Hospital spokesman Rob Graham said the parents’ actions prevented that from happening. “Boston Children’s standard of care in complex cases is to hold a summit that includes all the involved disciplines at Boston Children’s and external providers if available in person and by phone,” Graham said. “In this case, that work was underway, but the family escalated the situation making the initial summit impossible. Subsequently, Boston Children’s conducted extensive and ongoing communication and coordination with physicians across the Hospital and with external providers.”

Given its high profile intensity, the Justina case has caused ripples beyond the hospitals involved.

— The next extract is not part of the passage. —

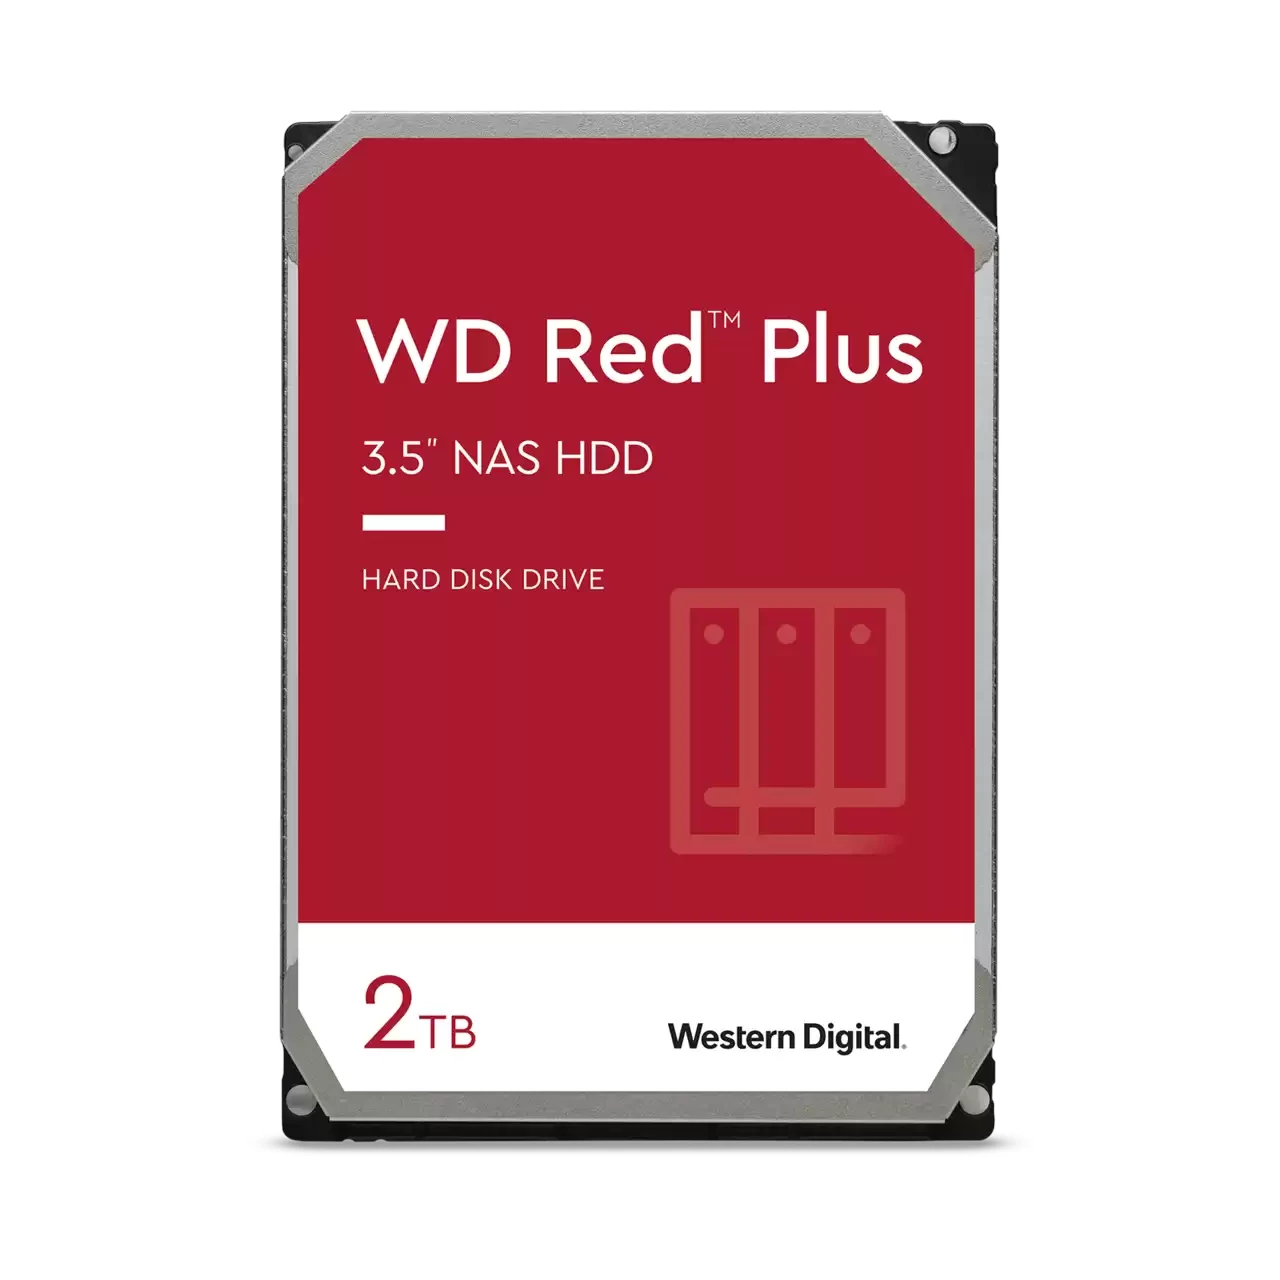 WD Red Plus 2Tb 3.5" NAS Hard Drive (128Mb 5400rpm SATA3) #WD20EFZX

Alice Newton, a pediatrician who serves as medical director of the Child Protection Program at Massachusetts General Hospital, previously served in that same position at Boston Children’s Hospital when the Justina case originally exploded there. She said MGH, which is continually refining its processes, has recently decided to add an extra step in its process before reporting suspicions of medical child abuse to the state.

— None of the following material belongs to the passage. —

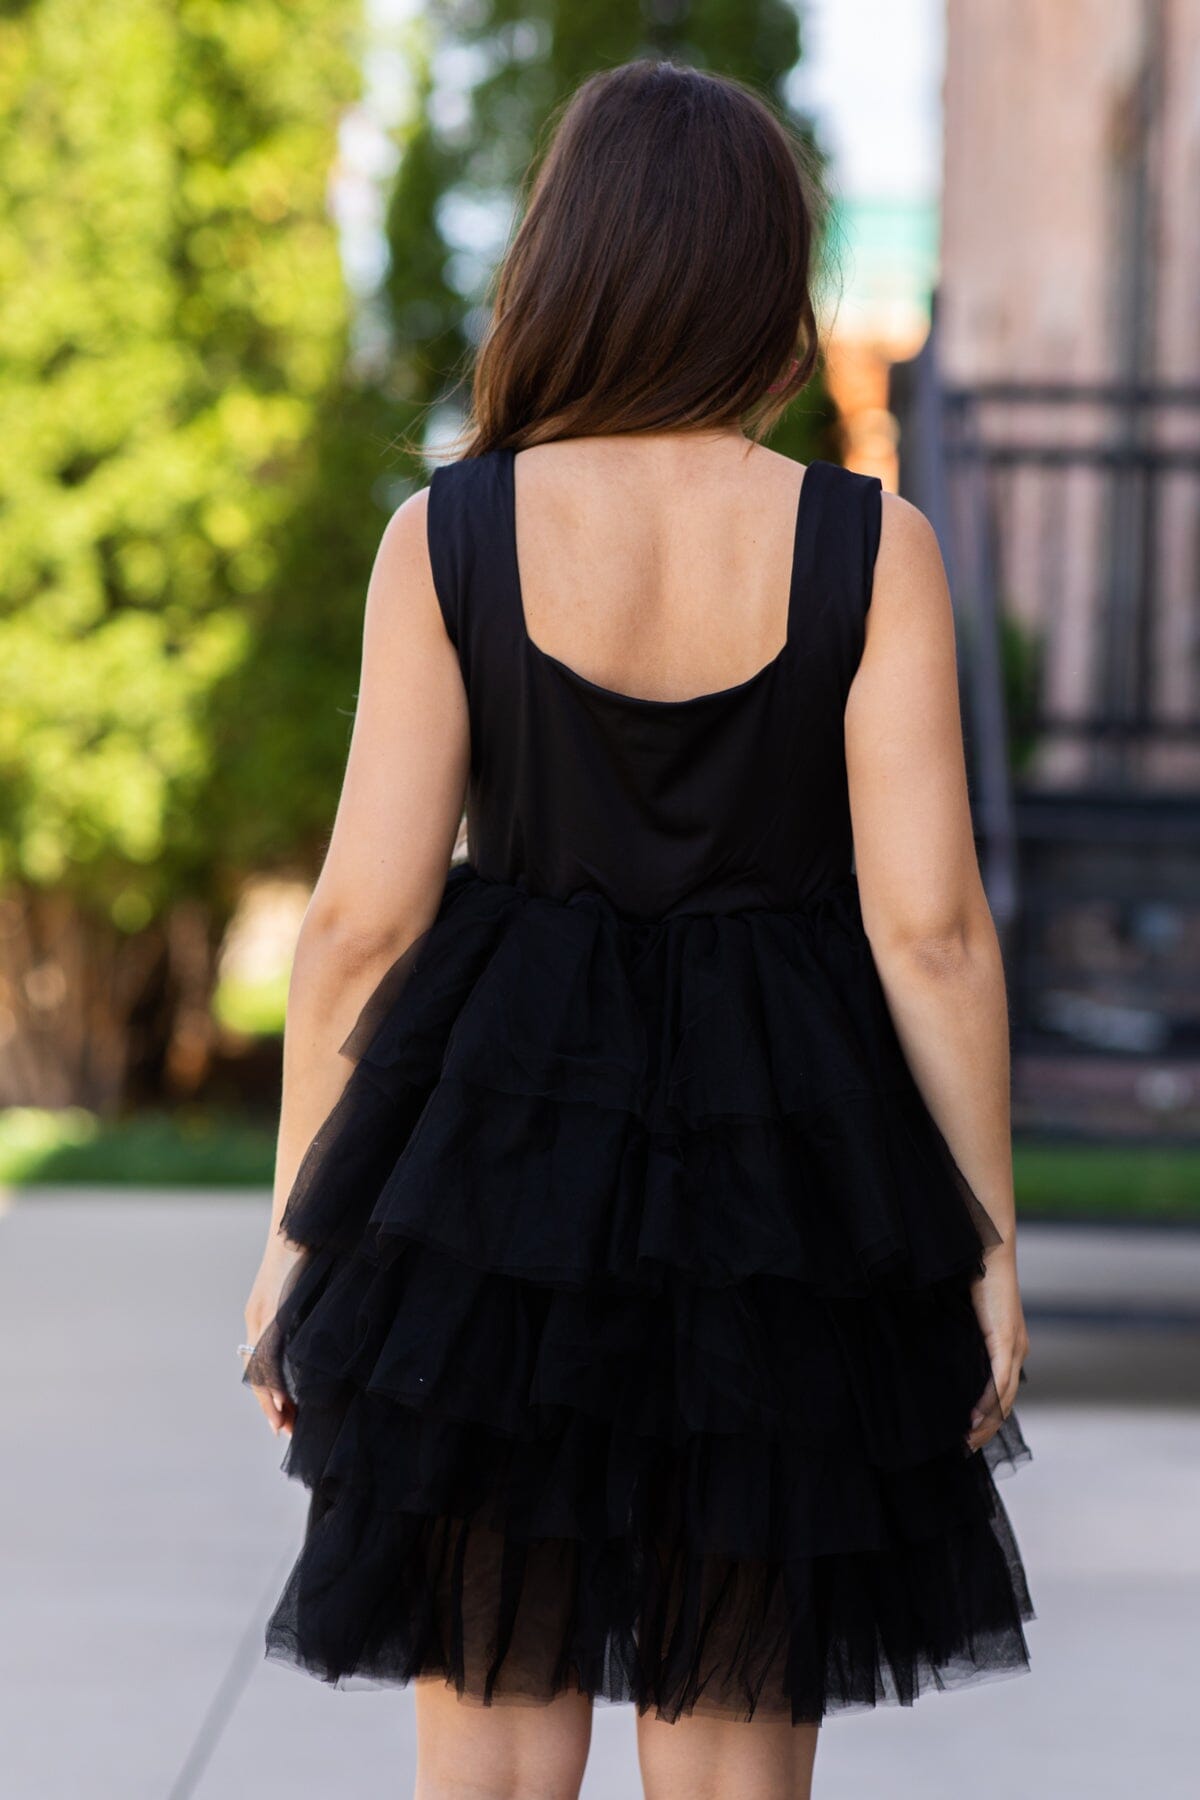 Black Square Neck Tulle Skirt Dress - Filly Flair

After Mass. General’s child protection team has gathered information but before it reports its concerns to the state child welfare agency, that hospital will convene a “medical child abuse team.”

That team will consist of hospital representatives from various specialties and disciplines knowledgeable about the terrain, but who have not been involved in the case in question. She said this new formal step in the process, which MGH has not yet had occasion to employ, will provide a mechanism for additional review and vetting before escalation with the state occurs. “We understand the potential impact of reporting suspected medical child abuse to the state,” she said.

The judge and Boston Children’s were hardly the only parties to criticize Linda and Lou Pelletier for their behavior during the ordeal. But even their critics had a hard time showing any marked improvement in Justina’s physical condition during her long time out of her parents’ custody.

“It’s a wonderful feeling to see that this little girl will be able to go home,” said Philip Moran, the lawyer for Justina’s parents. “Hopefully, we’ll see major progress because this is what she really needs.”